KAILUA, Hawaii – Jenn Boneza remembers when the white sandy beach near the boat ramp in her hometown was wide enough for people to build sand castles.
“It really used to be a beautiful beach,” said the 35-year-old mother of two. “And now when you look at it, it’s gone.”
What’s happening to portions of the beach in Kailua – a sunny coastal suburb of Honolulu where President Barack Obama spent his last two family vacations in the islands – is being repeated around the Hawaiian Islands.
Geologists say more than 70 percent of Kauai’s beaches are eroding, while Oahu has lost a quarter of its sandy shoreline. They warn the problem is only likely to get significantly worse in coming decades as global warming causes sea levels to rise more rapidly.
“It will probably have occurred to a scale that we will have only been able to save a few places and maintain beaches, and the rest are kind of a write-off,” said Dolan Eversole, a coastal geologist with the University of Hawaii.

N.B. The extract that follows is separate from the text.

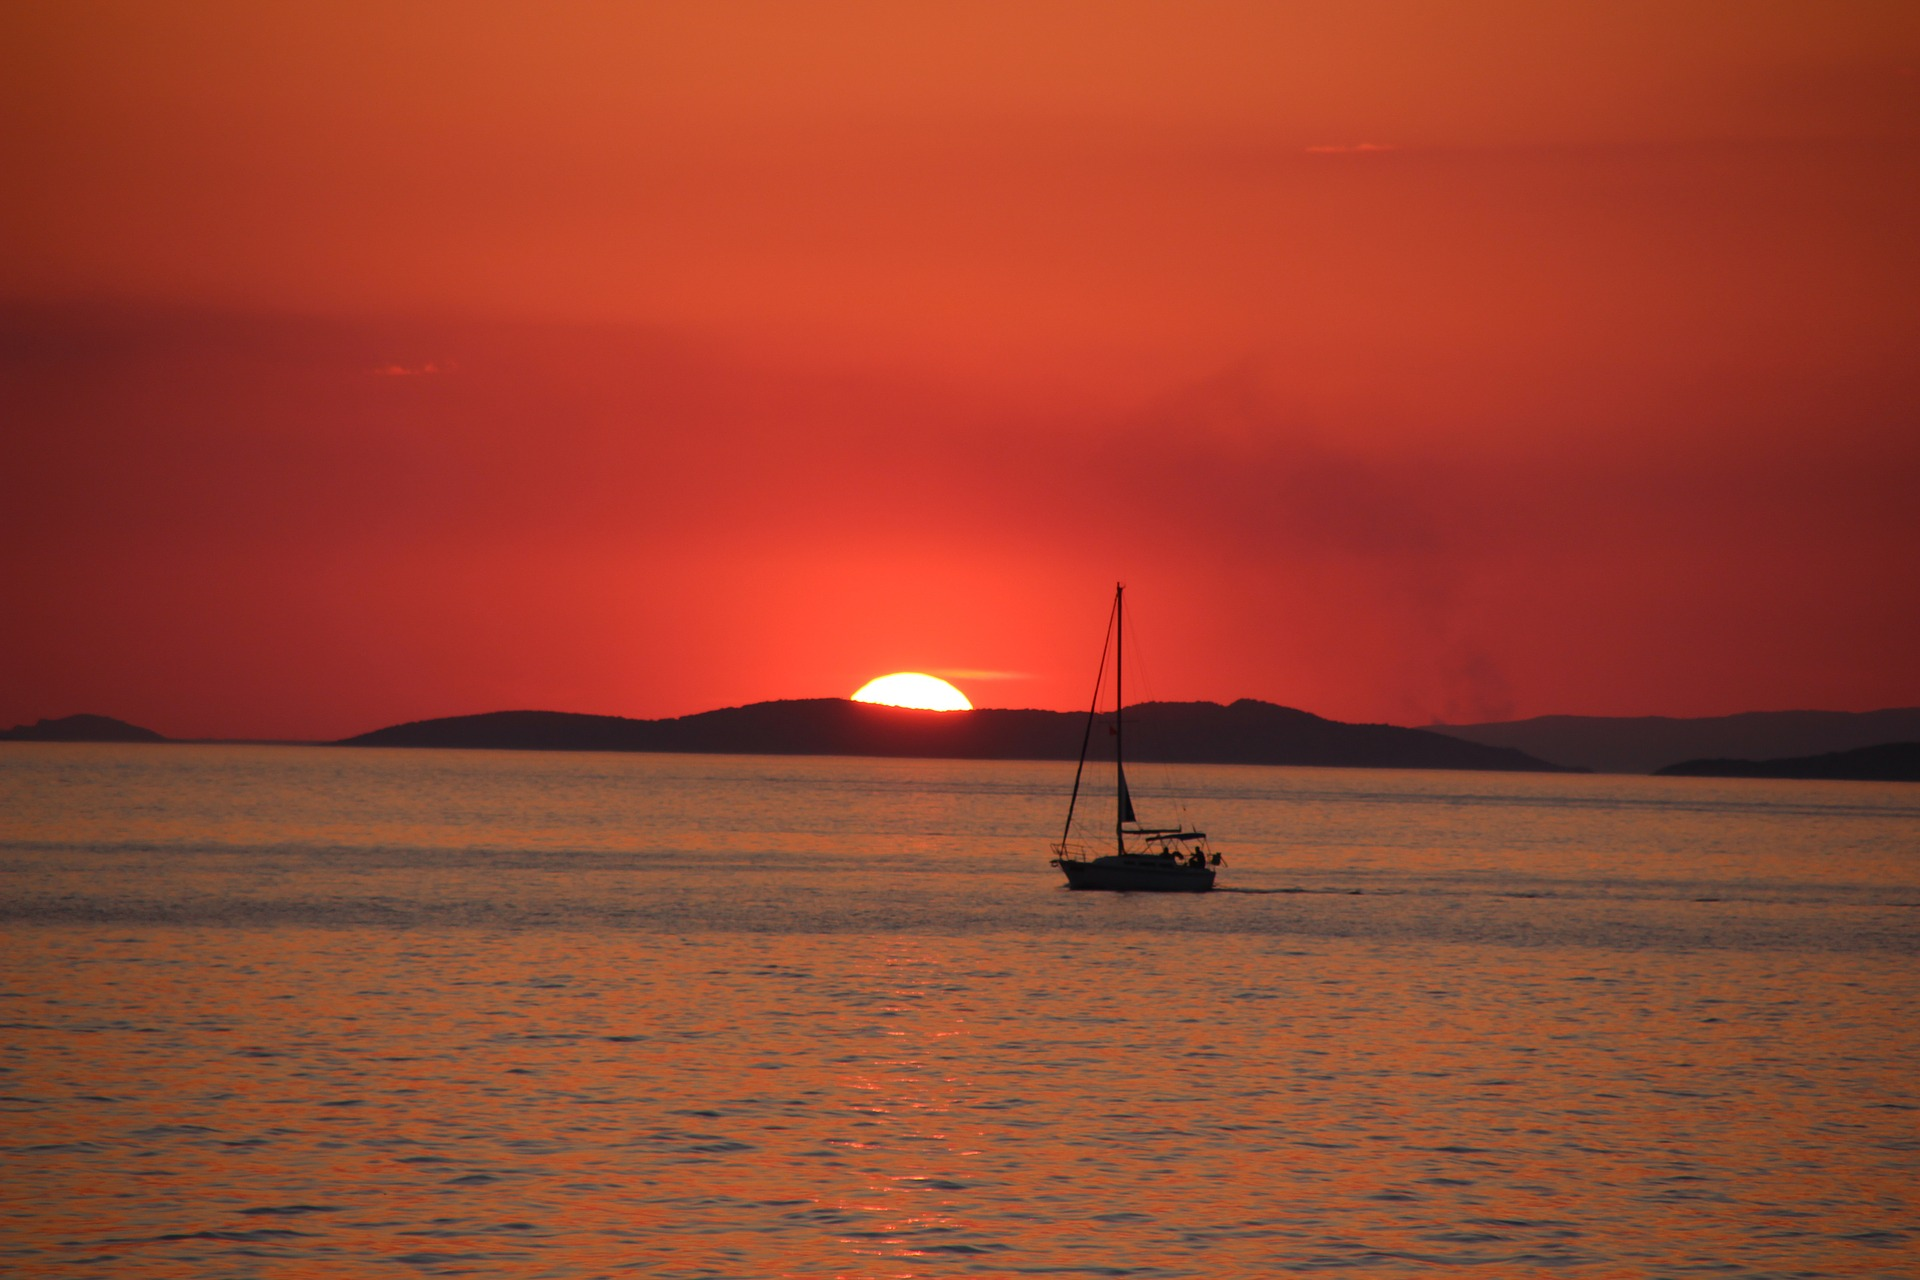 sunset-1438227_1920

The loss of so many beaches is an alarming prospect for Hawaii on many levels. Many tourists come to Hawaii precisely because they want to lounge on and walk along its soft sandy shoreline. These visitors spend some $11.4 billion each year, making tourism the state’s largest employer.
Disappearing sands would also wreak havoc on the environment as many animals and plants would lose important habitats.
Chip Fletcher, a University of Hawaii geology professor, says scientists in Hawaii haven’t yet observed an accelerated rate of sea level rise due to global warming.
Instead, the erosion the islands are experiencing now is caused by several factors, including a steady historical climb in sea levels that likely dates back to the 19th century.
Other causes include storms and human actions like the construction of seawalls, jetties, and the dredging of stream mouths. Each of these disrupts the natural flow of sand.
But a more rapid rise in sea levels, caused by global warming, is expected to contribute to erosion in Hawaii within decades. In 100 years, sea levels are likely to be at least 1 meter, or 3.3 feet, higher than they are now.
Fletcher says between 60 to 80 percent of the nation’s shoreline is chronically eroding. But the problem is felt particularly acutely in Hawaii because the economy and lifestyle are so dependent on healthy beaches.
The state is doing everything it can to keep the sand in Waikiki, for example, joining with hotels in the state’s tourist hub on a plan to spend between $2 million and $3 million pumping in sand from offshore.
Sam Lemmo, administrator of the state’s Office of Conservation and Coastal Lands, says the state would need a variety of adaptation strategies for different beaches.
It would likely have to abandon hope for beaches in posh Lanikai and suburban Ewa Beach on Oahu because they’re already lined with seawalls and are badly eroded.
The same probably goes for shoreline next to highways or other critical public infrastructure, where seawalls already exist or may have to be built.
Seawalls protect individual properties from encroaching waters but they exacerbate erosion nearby by preventing waves from reaching the sand needed to replenish the beach.
For undeveloped shoreline, the state wants to make sure these areas stay pristine. This happened recently when a Florida-based developer announced plans to build luxury homes on sand dunes in Kahuku on Oahu’s North Shore.
“We just kind of went nuts, pulled out all the guns on that one, basically got them to back off,” Lemmo said.
The University of Hawaii’s Sea Grant program is working with a consultant to develop a beach management plan for Kailua that would address how to deal with a 1 meter rise in sea level. The state hopes this will be the first of many site-specific management plans for Hawaii’s beaches.